Blog moved
The I2Lab website was moved to a new server a few weeks ago, but the
new user page and this blog didn't get moved... The blog is now back,
the new user form will be shortly, perhaps with some improvements.
posted at: 15:36 | path: /news | permanent link to this entry
power outage?
There appears to have been a power event some time around 7:30pm Friday.
Some nodes (with jobs on them) were rebooted. Check your jobs.
posted at: 00:29 | path: /news | permanent link to this entry
sge scratch resource limit
There have been some updates to the local
SGE hints page, so
it might be worth re-reading it.
Also, I have added the scratch resource request. For example, if your job requires at least 40G of space in /state/partition1 then add the following option to your sge command line:
-l scratch=40GYour job will wait for a node with at least this much space.
Systems down...
A few systems in hilbert shut down this afternoon due to a short
temperature event. Some jobs may need to be restarted.

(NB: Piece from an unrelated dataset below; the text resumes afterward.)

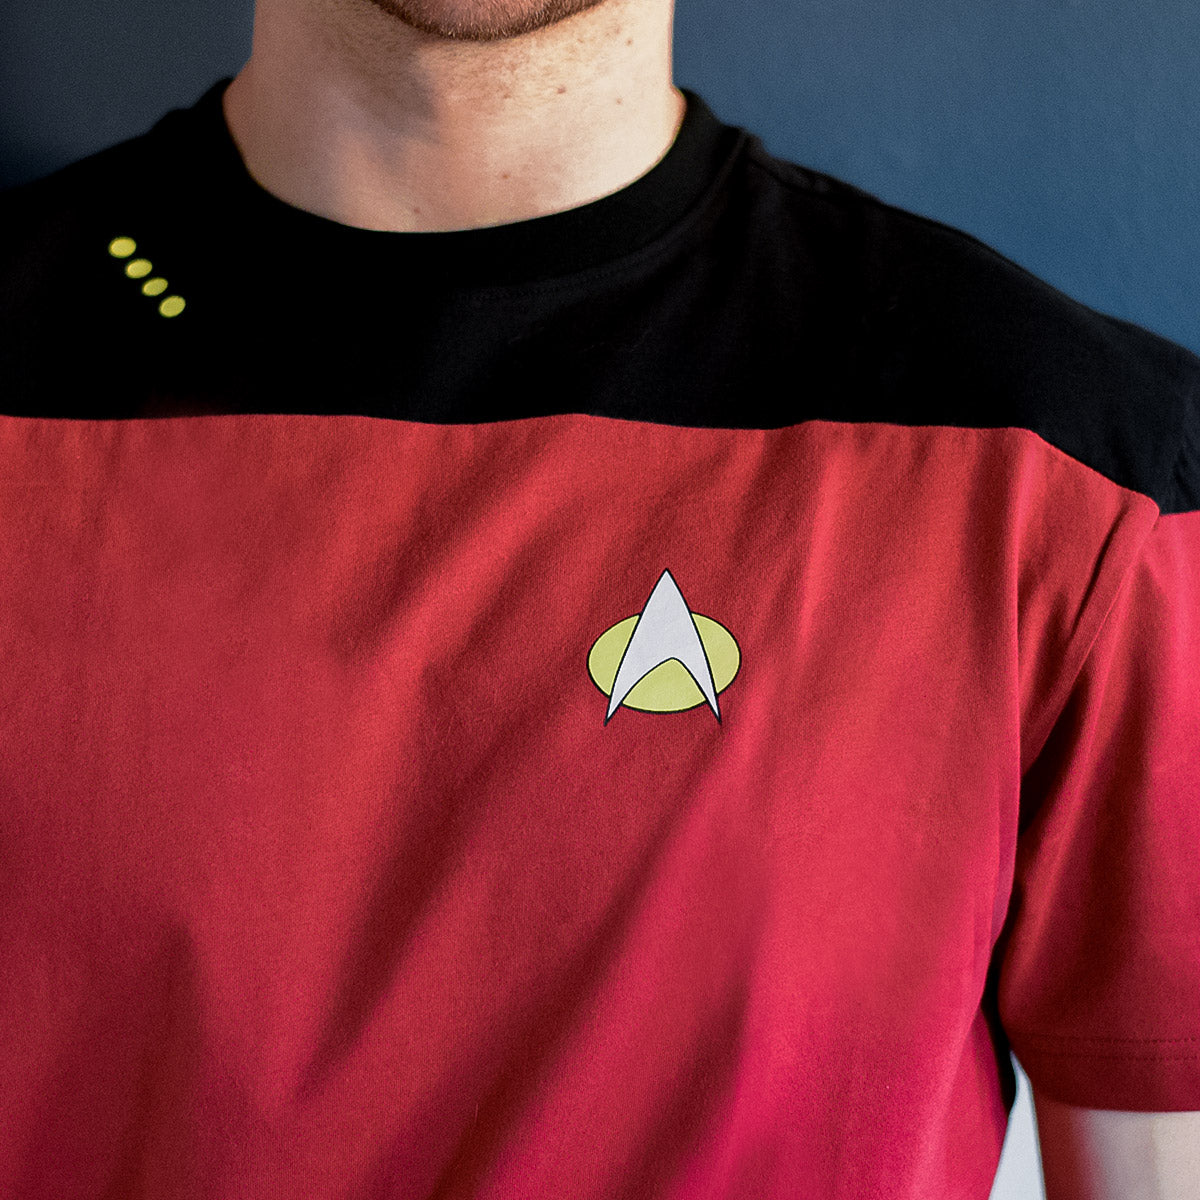 Star Trek: The Next Generation Camiseta de uniforme de mando

posted at: 15:28 | path: /news | permanent link to this entry
Lightning storm...
A brief power flicker caused by this afternoon's lightning storm
took out a very small number of nodes. Check your jobs...
posted at: 17:21 | path: /news | permanent link to this entry
Lightning storm
Bad lightning storm may have taken out a few nodes tonight.

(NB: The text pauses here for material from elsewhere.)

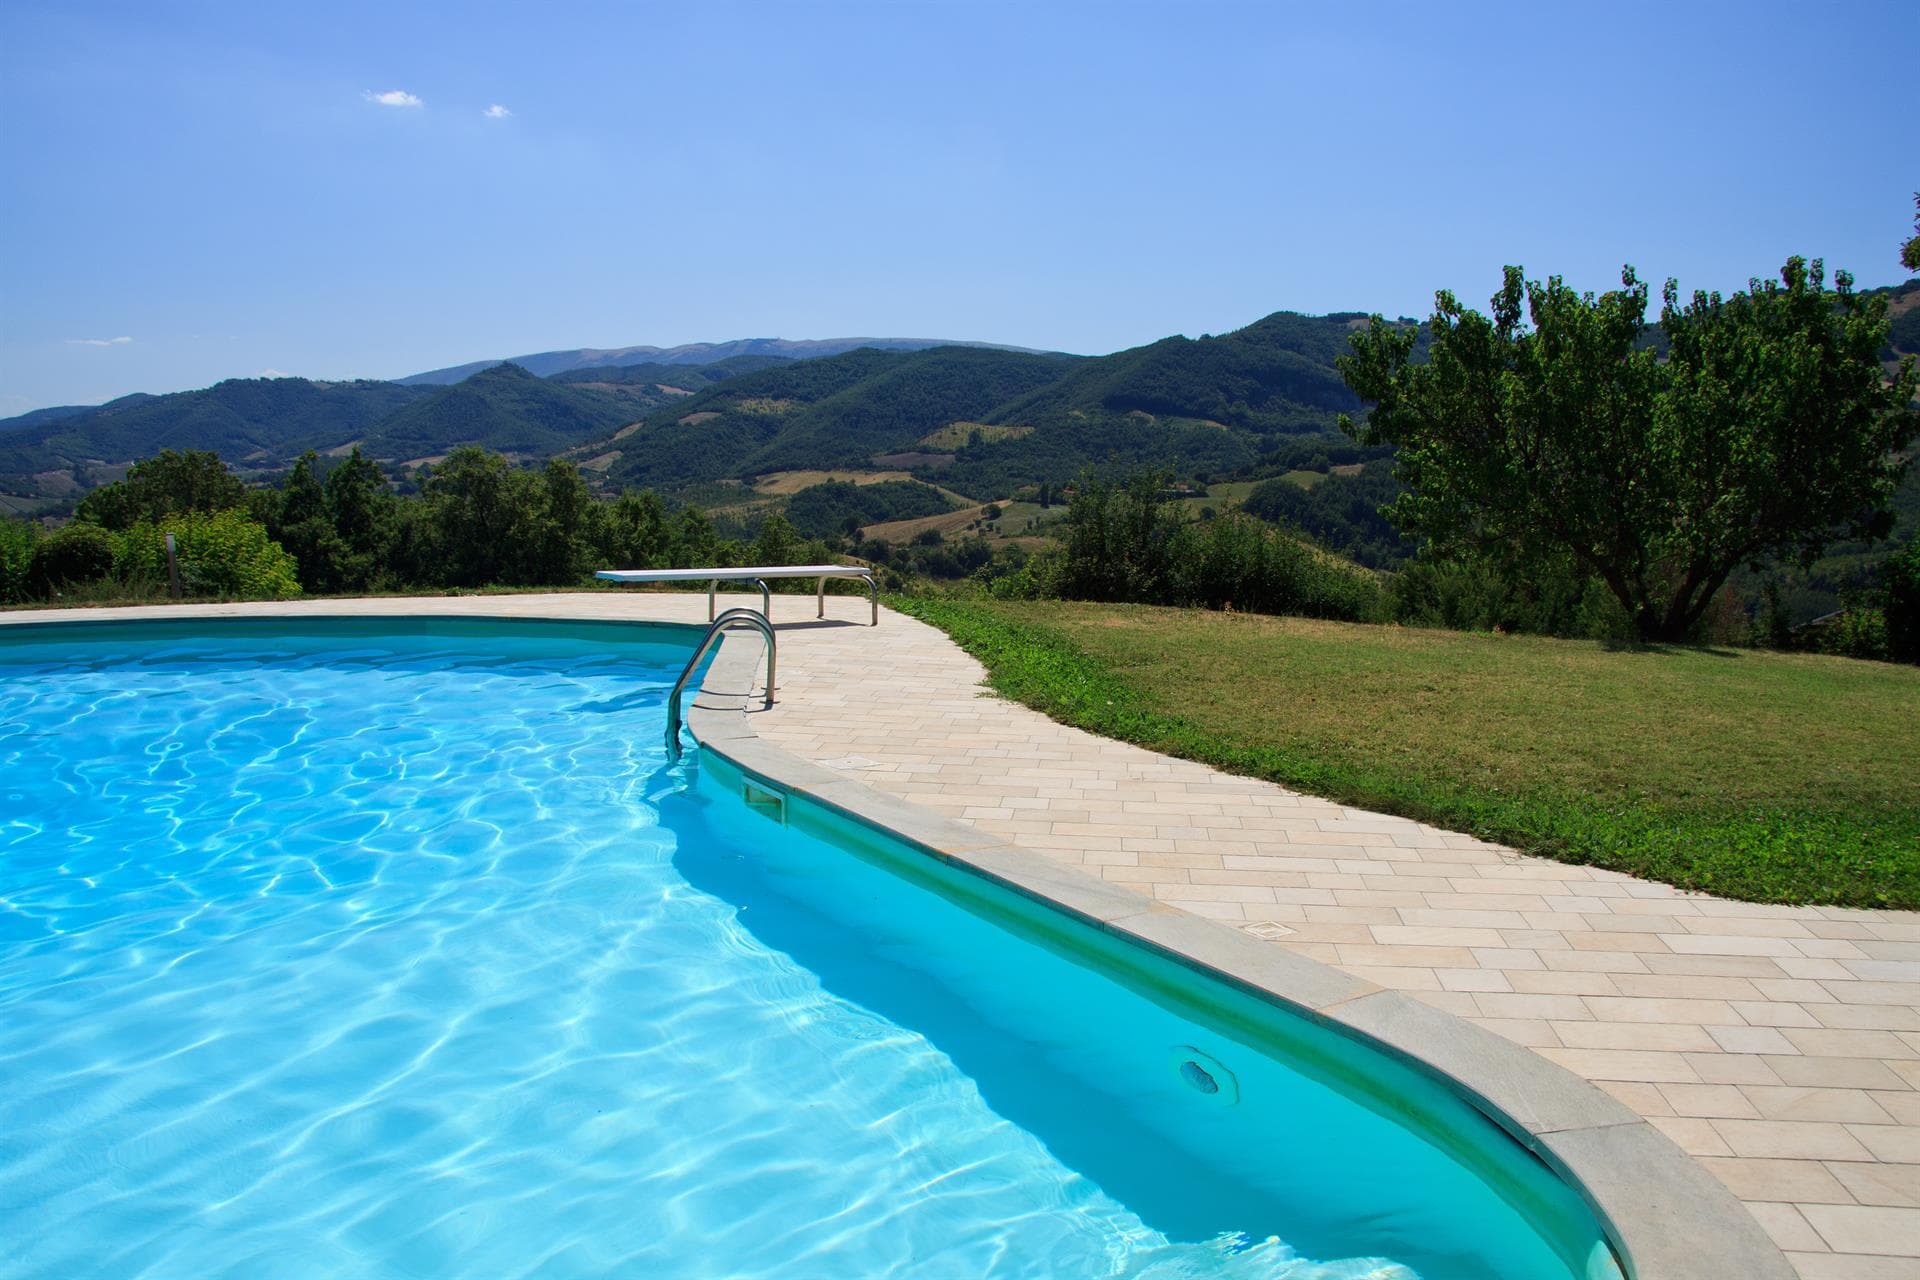 Mantenimiento y reparaciones de piscinas en Vigo

Check your jobs and make sure they finished rather than aborting.
posted at: 22:53 | path: /news | permanent link to this entry
HEC power failure
Power failed for the HEC building and all servers went down.
All jobs will need to be restarted.
posted at: 11:20 | path: /news | permanent link to this entry
Temperature event
There was a temperature event around 4am this morning that caused a number
of machines in euler and hilbert to automatically shut down.
Likely some jobs were lost due to this and will need to be restarted.
posted at: 08:35 | path: /news | permanent link to this entry
First major lightning storm of the season
Tonight's storm took out nearly all the clusters.
Nearly all jobs that were running were aborted.
Jobs that were pending in the queue should have started by now.
posted at: 23:48 | path: /news | permanent link to this entry
All hilbert jobs have been aborted.
Hilbert's home disk ran out of space in the morning of May 7.
Since jobs running at that time were probably corrupted, all jobs
have been aborted.
As a reminder, the home disk on hilbert is not very large, and IS NOT TO BE USED FOR LONG TERM STORAGE. Please move all files you don't immediately need for the execution of your jobs onto newton.
Users not following this policy will find all of their files moved for them.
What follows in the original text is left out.